What the exercise asks:
After locating the line that contains "Absent Justice - Discrimination" in the records below, write out exactly that line and each line after it through the one that contains "Atta-GALA Pink Paparazzi", and nothing else.
----- Extracted information
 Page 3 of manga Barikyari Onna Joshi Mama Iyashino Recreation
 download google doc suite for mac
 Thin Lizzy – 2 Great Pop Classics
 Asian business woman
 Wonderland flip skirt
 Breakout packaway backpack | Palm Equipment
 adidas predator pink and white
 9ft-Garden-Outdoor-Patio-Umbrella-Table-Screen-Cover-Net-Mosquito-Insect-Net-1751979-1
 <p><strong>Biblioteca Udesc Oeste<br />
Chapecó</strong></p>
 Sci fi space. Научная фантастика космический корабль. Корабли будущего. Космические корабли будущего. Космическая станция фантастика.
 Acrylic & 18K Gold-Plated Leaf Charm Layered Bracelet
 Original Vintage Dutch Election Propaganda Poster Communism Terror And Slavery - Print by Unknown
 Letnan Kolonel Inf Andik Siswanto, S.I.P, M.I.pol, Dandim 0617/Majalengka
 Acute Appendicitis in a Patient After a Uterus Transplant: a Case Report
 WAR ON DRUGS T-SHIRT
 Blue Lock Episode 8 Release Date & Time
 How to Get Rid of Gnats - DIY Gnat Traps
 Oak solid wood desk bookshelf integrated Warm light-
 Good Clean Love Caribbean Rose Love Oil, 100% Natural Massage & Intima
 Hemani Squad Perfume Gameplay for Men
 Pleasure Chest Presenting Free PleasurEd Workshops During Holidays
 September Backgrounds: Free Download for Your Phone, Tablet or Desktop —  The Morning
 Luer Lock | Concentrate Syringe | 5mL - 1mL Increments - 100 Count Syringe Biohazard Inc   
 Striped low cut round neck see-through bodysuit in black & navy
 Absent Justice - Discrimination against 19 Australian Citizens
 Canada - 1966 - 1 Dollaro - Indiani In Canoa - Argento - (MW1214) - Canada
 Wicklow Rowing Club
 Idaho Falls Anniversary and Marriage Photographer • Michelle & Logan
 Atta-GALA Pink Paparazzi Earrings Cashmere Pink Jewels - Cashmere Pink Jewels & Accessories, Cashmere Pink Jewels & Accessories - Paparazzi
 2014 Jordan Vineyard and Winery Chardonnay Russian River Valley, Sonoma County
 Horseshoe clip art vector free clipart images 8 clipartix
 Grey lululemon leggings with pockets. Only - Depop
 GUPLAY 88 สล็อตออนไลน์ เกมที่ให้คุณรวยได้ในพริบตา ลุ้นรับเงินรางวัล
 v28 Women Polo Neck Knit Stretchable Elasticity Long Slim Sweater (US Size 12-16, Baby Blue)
----------
Exercise solution:
 Absent Justice - Discrimination against 19 Australian Citizens
 Canada - 1966 - 1 Dollaro - Indiani In Canoa - Argento - (MW1214) - Canada
 Wicklow Rowing Club
 Idaho Falls Anniversary and Marriage Photographer • Michelle & Logan
 Atta-GALA Pink Paparazzi Earrings Cashmere Pink Jewels - Cashmere Pink Jewels & Accessories, Cashmere Pink Jewels & Accessories - Paparazzi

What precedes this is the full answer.